Fact: Only if consumers look through a copy of their appraisal can they double-check its accuracy and possibly need to question the result. Remember, this is probably the most expensive and important investment a consumer will ever make. There is an incredible amount of information stored in an appraisal that will probably be useful to the home buyer in the future, such as the legal and physical description of the property, square footage measurements, list of comparable properties in the neighborhood, neighborhood description and a narrative of current real-estate activity and/or market trends in the vicinity.

Myth: Appraisals are ordered only to assess house values in property sales involving mortgage-lending deals.

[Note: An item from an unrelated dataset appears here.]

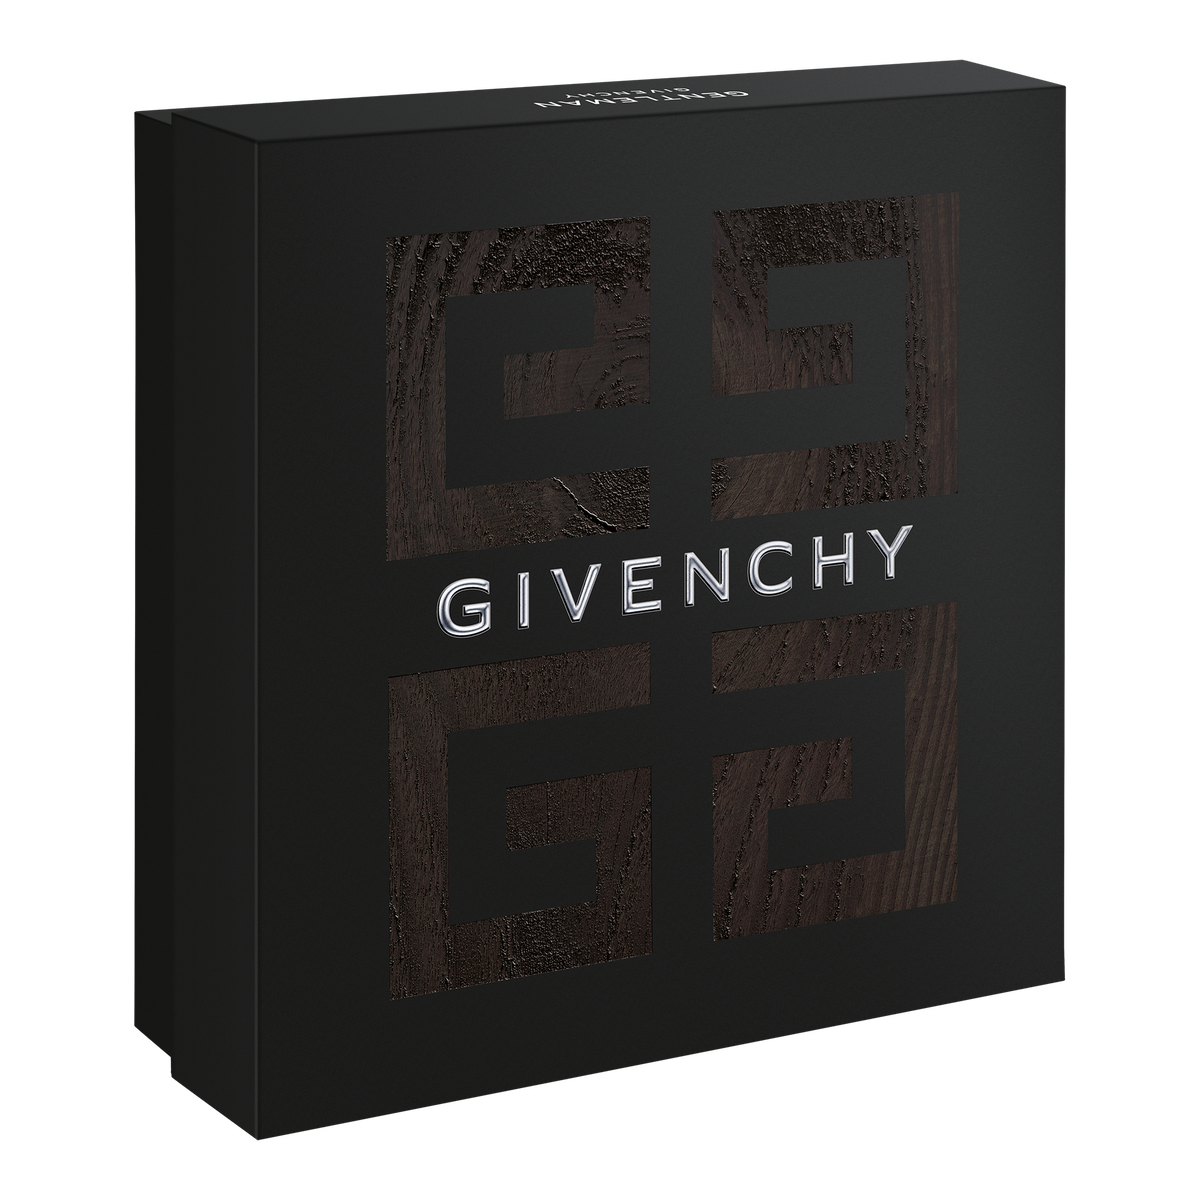 Givenchy Foudroyant Eau De Parfum 3.3oz/100 ml NEW - NO BOX

Fact: Appraisers can have many different qualifications and designations which allow them to provide a lot of different services including - but not limited to - advice on estate planning, tax assessment, zoning, dispute resolution in many different legal situations and cost analysis.

Myth: A house inspection serves the same purpose as an appraisal.

Fact: Appraisal reports are definitely not the same as a home inspection report. The reason behind an appraisal report is to find an opinion of fair market value during the appraisal process and the completion of the appraisal report. A home inspector determines the condition of the house and its major components and reports their findings.